The "Krusty the Clown Prison Special" is based on Johnny Cash's 1968 appearance at Folsom State Prison; Krusty's song is likewise a parody of Cash's "Folsom Prison Blues". The mention of Arthur Fiedler's wake is an apparent reference to Frasier Crane's upper class Seattle lifestyle. A title card just before the start of the second act reads "'FRASIER' IS A HIT SHOW ON THE NBC TELEVISION NETWORK" in a similar typeface and style as Frasiers intertitles, with jazz music playing over it as it does in the series. When Bart jumps on Cecil, covering his eyes and asks "guess who?", Cecil responds with "Maris?". Cecil's inability to see Bart also refers to the fact that Maris, Niles' wife in Frasier, is never actually seen.

==Reception==
In its original broadcast, "Brother from Another Series" finished 39th in ratings for the week of February 17–23, 1997, with a Nielsen rating of 9.1, equivalent to approximately 8.8 million viewing households. It was the fourth highest-rated show on Fox that week, following The X-Files, King of the Hill and Melrose Place.

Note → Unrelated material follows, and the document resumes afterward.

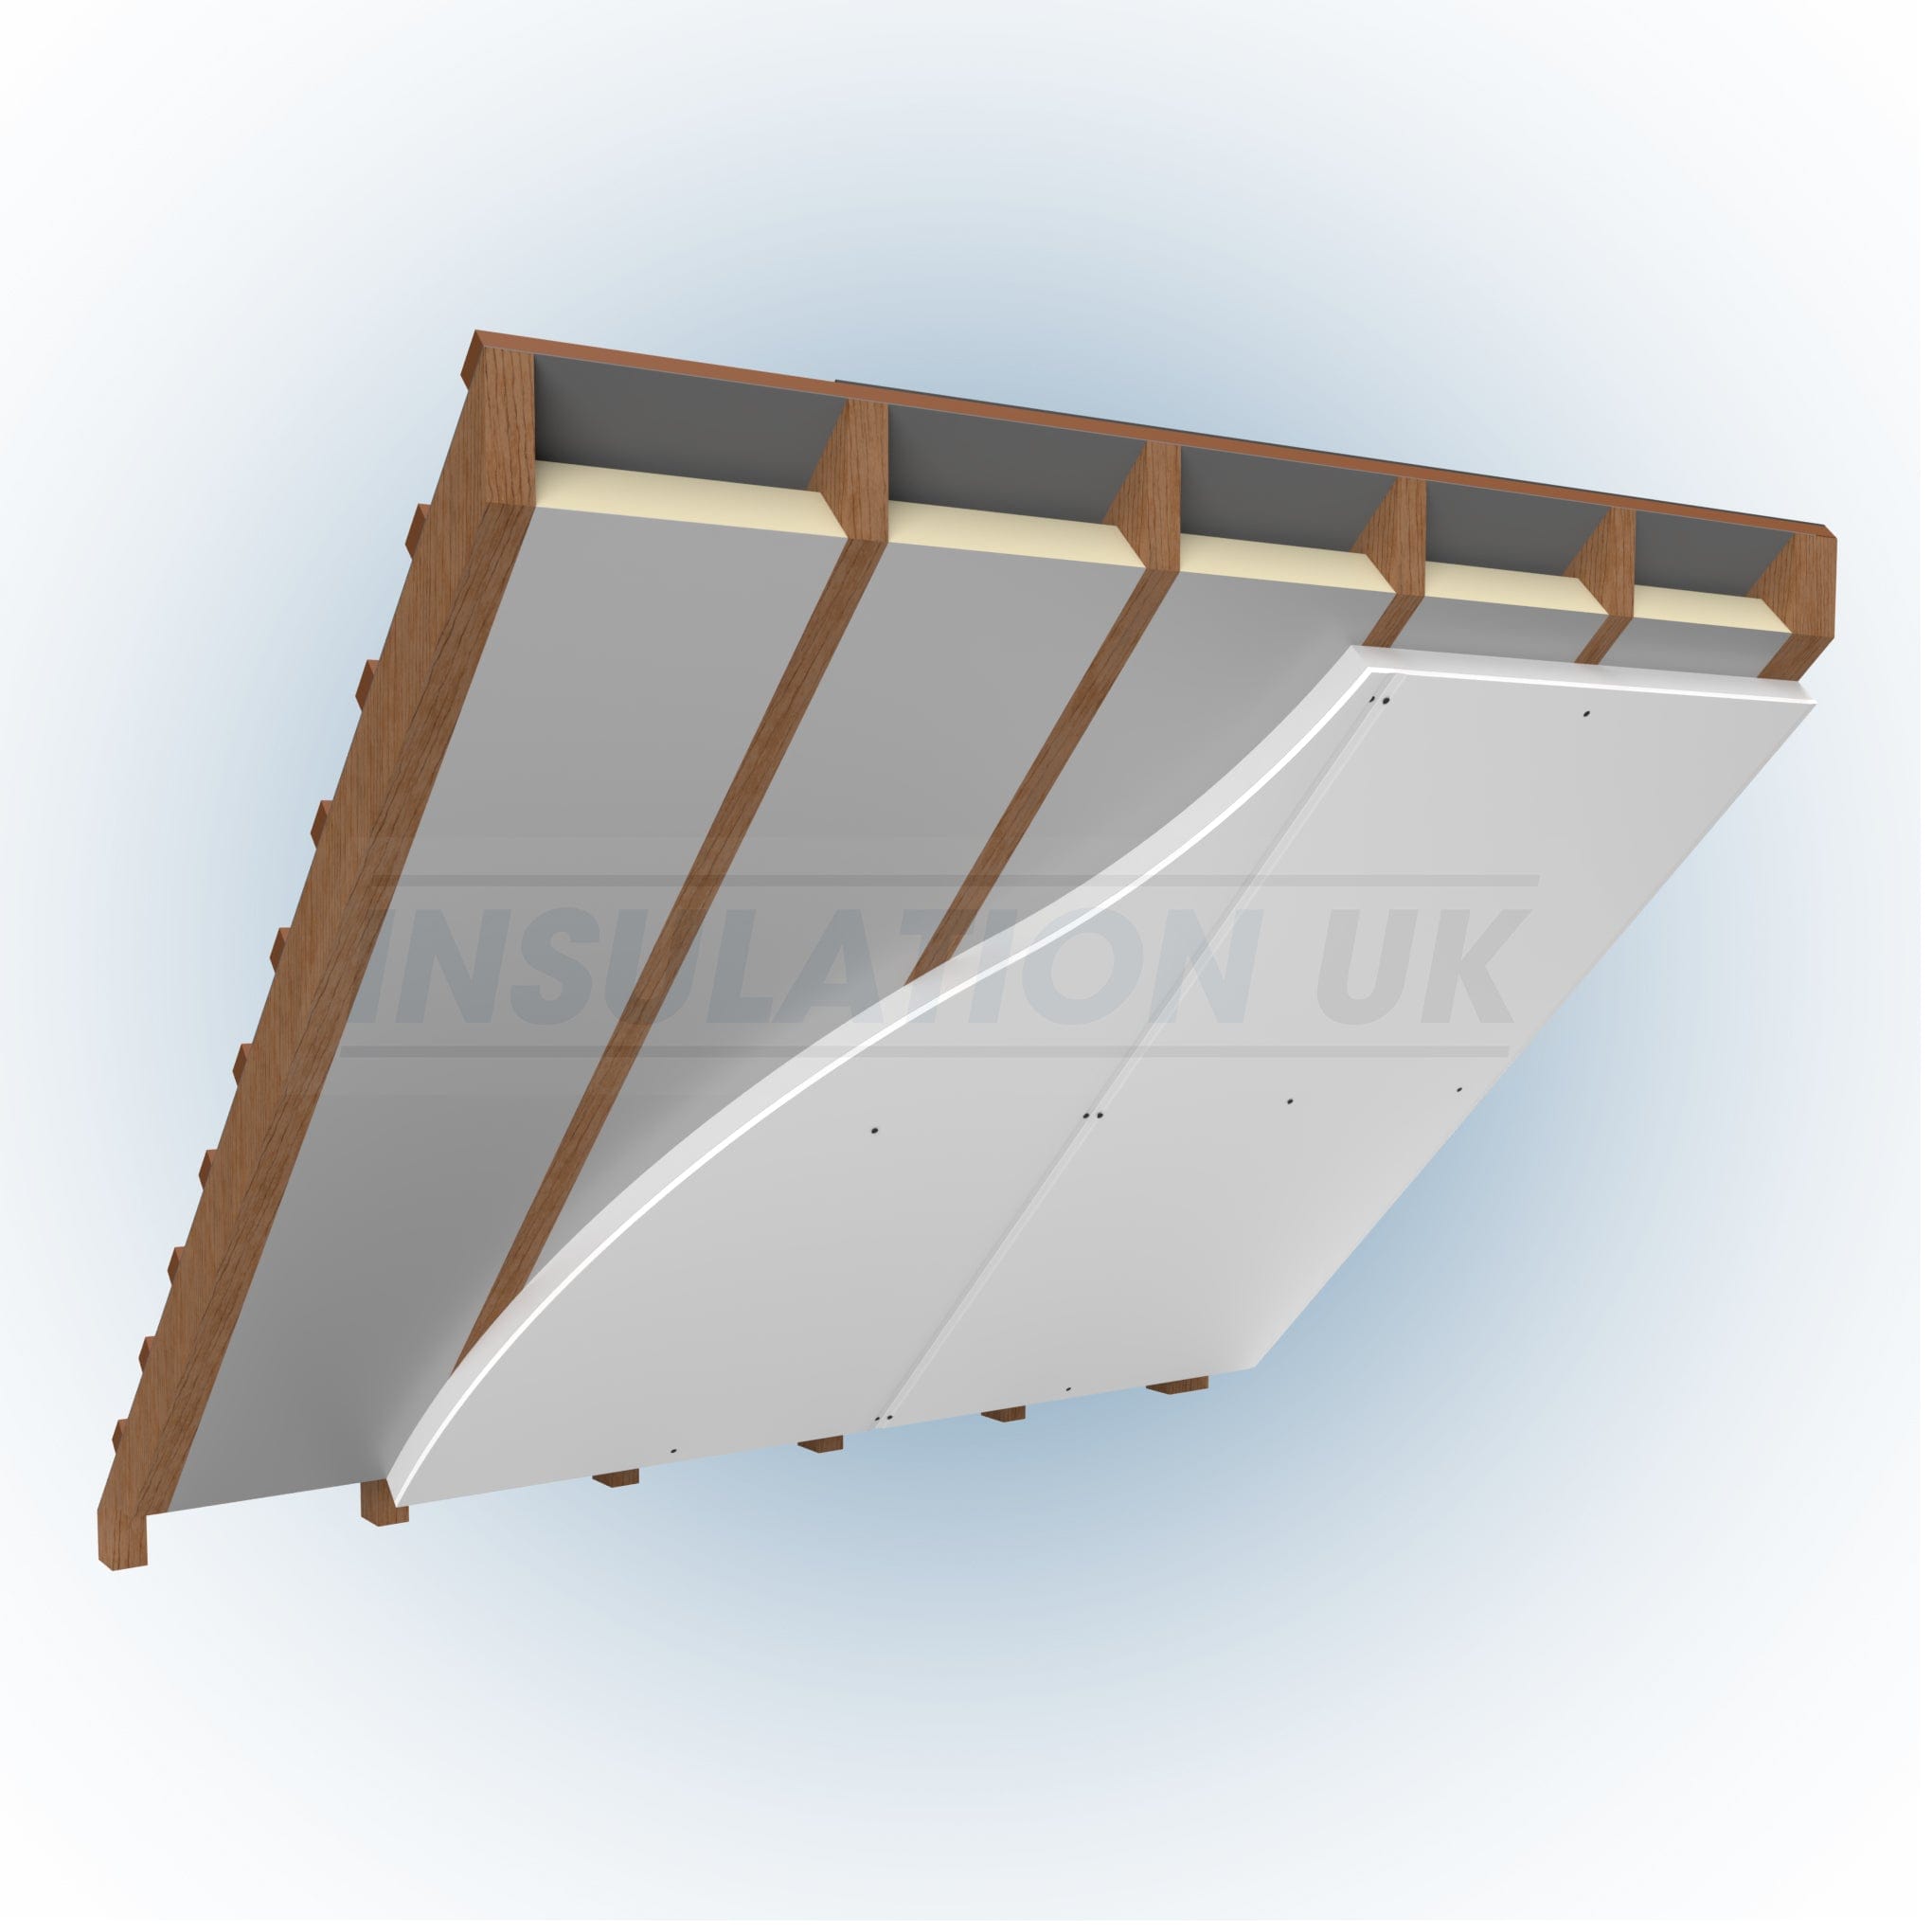 Tekwarm Insulation Tekwarm EPS Insulated Plasterboard | 2400mm x 1200mm

Beforehand, the media said the episode "look[ed] promising", and afterwards journalist Ben Rayner called it one of director Peter Michels' "classics". This episode was nominated for a Primetime Emmy Award for Sound Mixing for a Comedy Series or Special. In a 2008 article, Entertainment Weekly named Pierce's role as Cecil as one of the sixteen best guest appearances on The Simpsons. Grammer and Pierce were ranked second on AOL's list of their favorite 25 Simpsons guest stars.